As your company grows, deciding on job titles will become important. Inflating job titles is one way to attract talent to your company. On the other hand, deflating job titles gives new employees the chance to recalibrate when they join you.
Continue reading for more information about inflated and deflated job titles.
Job Titles
A small startup doesn’t need titles, especially inflated job titles, but as you grow, titles will become more important for a few reasons:
- Employees want them to polish their resume. If they look for a new job, they want to be known as “Head of Sales,” not as “Sales Ninja.”
- The team needs to know who does what in the company and what the org chart looks like. This also helps outside partners and customers interface with the right team members.
How Lofty Should Titles Be?
You have control over the names of the titles in your hierarchy. How you name these titles, and how they match up to competitors in the industry, is up to you.

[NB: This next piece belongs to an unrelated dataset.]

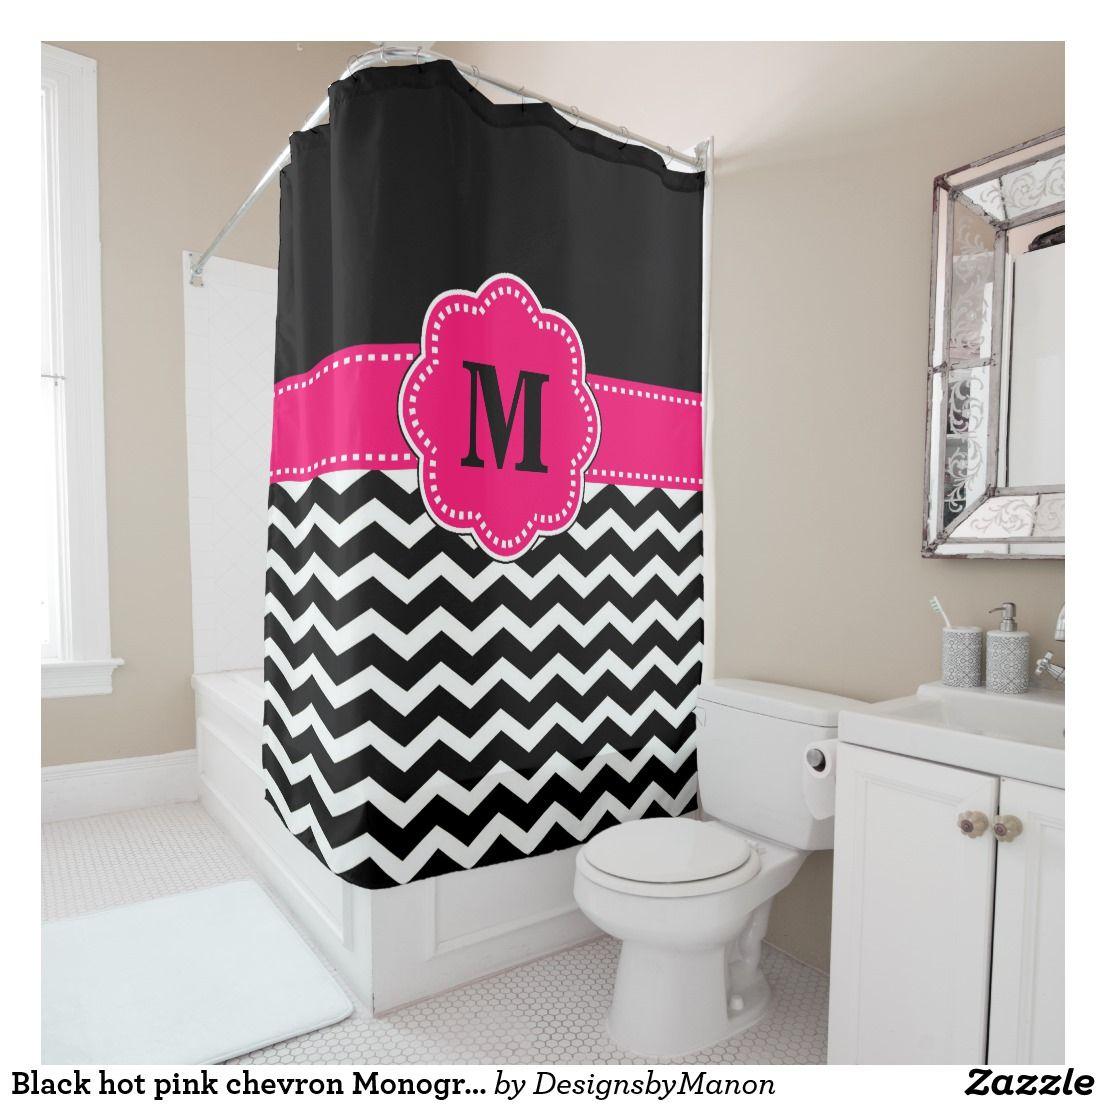 Black Hot Pink Chevron Monogram Shower Curtain Zazzle Com Shower Curtain Monogram Pink Chevron Custom Shower Curtains

On one hand, Marc Andreessen supports inflating titles. Like compensation, a title is part of a job offer, but a title is free. Therefore, give people inflated titles—a Director at another company might be Executive Vice President at yours. It’ll be one way to attract talent to your startup, especially if you can’t compete on compensation.
In contrast, Mark Zuckerberg at Facebook supports deflated titles—Vice Presidents at other companies have to join as Directors or Managers. The benefits:
- Every new employee recalibrates when they join, and then have to rise to their original title through merit. This feels more fair to the team.
- Business departments tend to have inflated titles above their engineering counterparts, and he wants to make product and engineering the core of the company.
- He wants the org chart to be clear and meaningful. How does a firm operate if there are a hundred VPs?
Of course, Facebook has tens of thousands of employees and faces problems that your startup may not.
Enforcing Performance at Titles
The Peter Principle suggests that people are promoted to their “level of incompetence.” At that point, they can’t be promoted further, and they stagnate at that role. This is largely unavoidable because you can’t predict ahead of time how well someone will handle the promotion. However, the Peter Principle causes a few problems:
- A poor performer at a level is demotivating to everyone else at that level. If there’s a bozo at the Vice President level, all the other VPs will wonder how he got that job and why he deserves the same level.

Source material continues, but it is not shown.